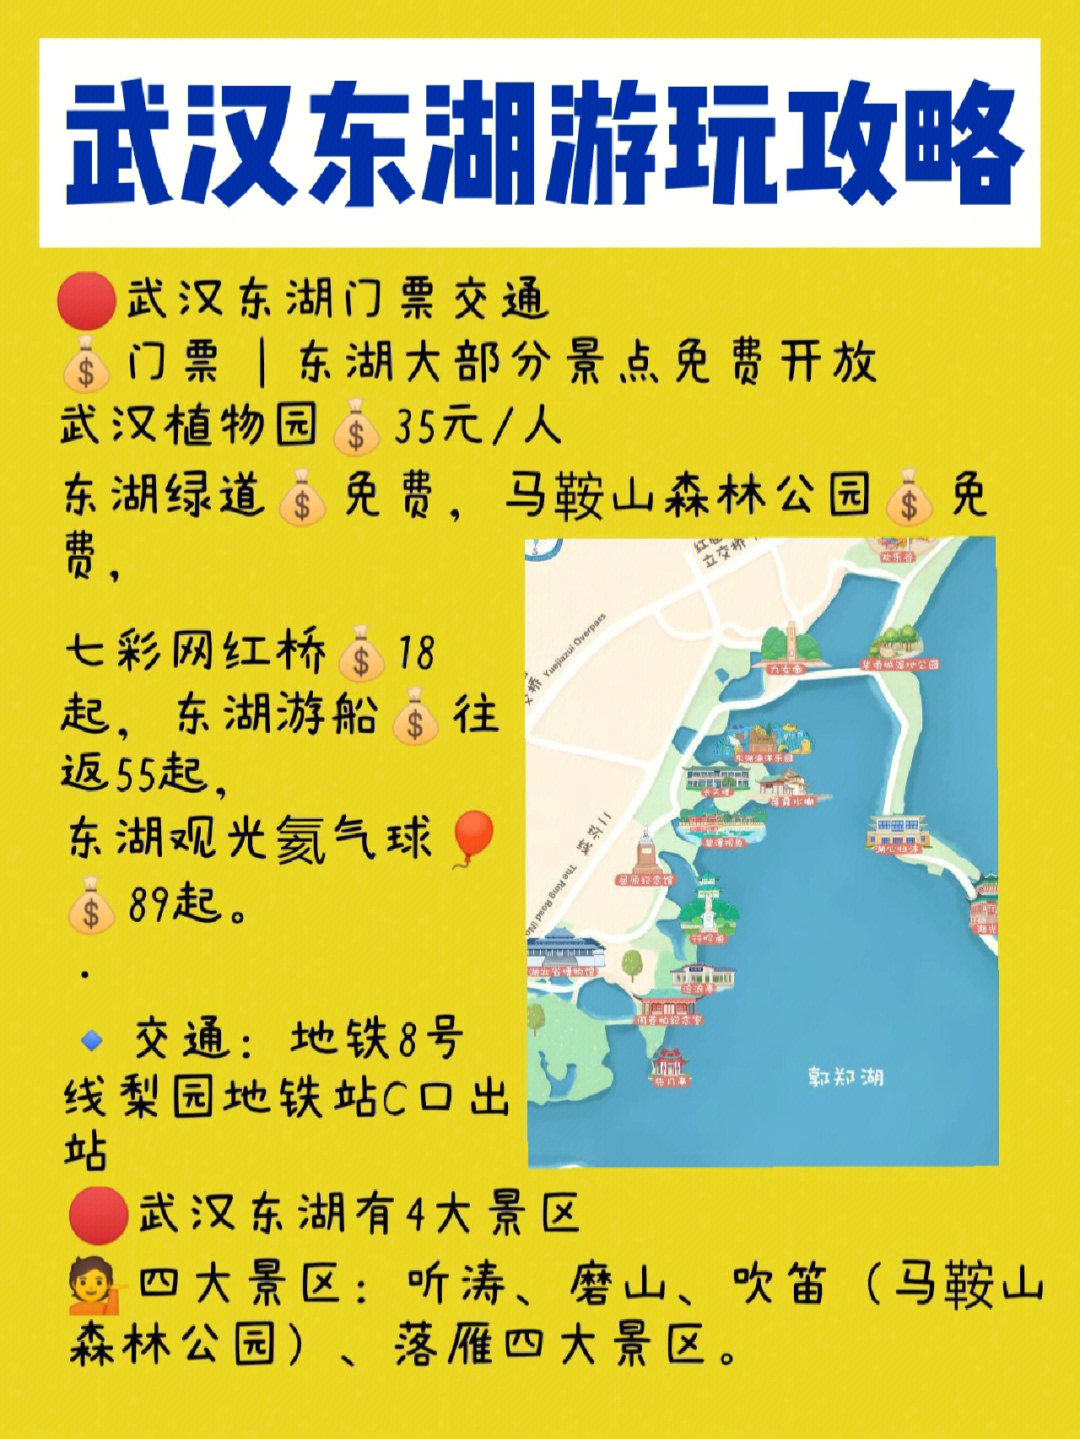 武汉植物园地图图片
------------
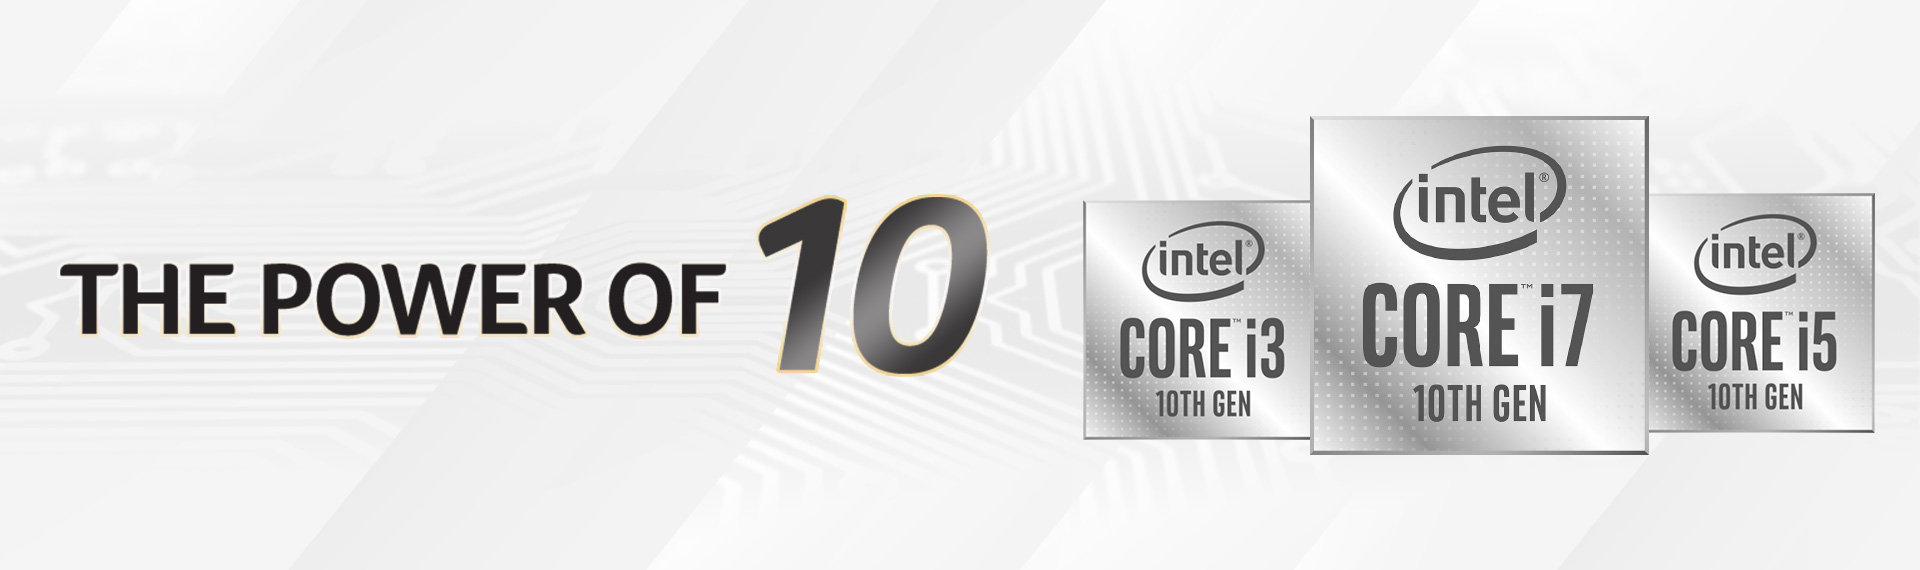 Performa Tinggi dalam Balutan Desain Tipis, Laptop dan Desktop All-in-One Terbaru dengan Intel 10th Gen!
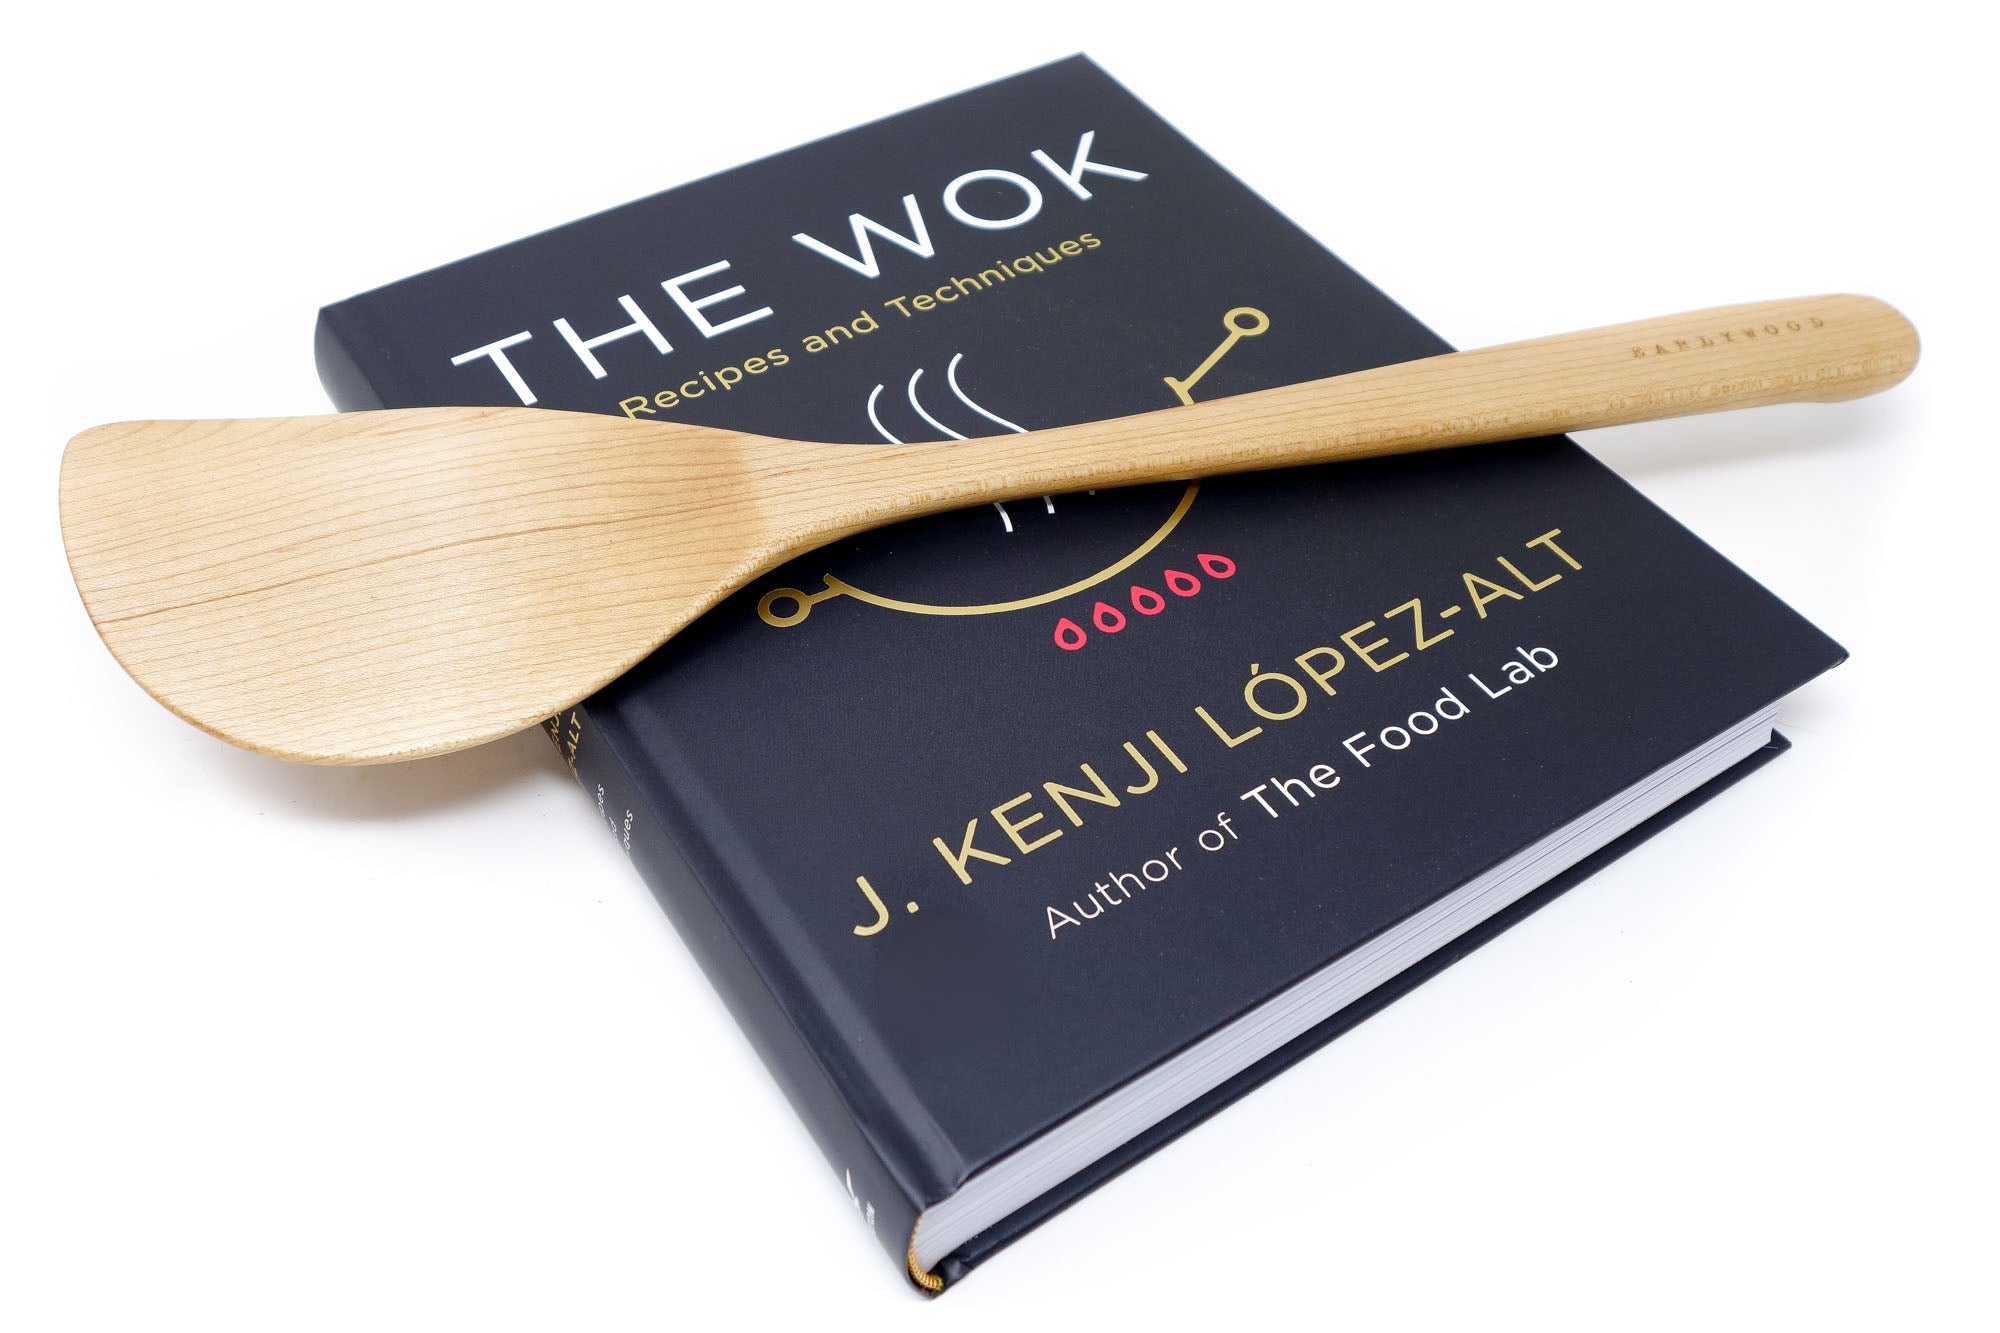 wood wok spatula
------------
→ What the task asks
Print nothing but the lines above starting with the line that contains "Performa Tinggi dalam" and going on through the line that contains "wood wok spatula". Leave out the pictures.

→ Reply to the exercise
 Performa Tinggi dalam Balutan Desain Tipis, Laptop dan Desktop All-in-One Terbaru dengan Intel 10th Gen!
 wood wok spatula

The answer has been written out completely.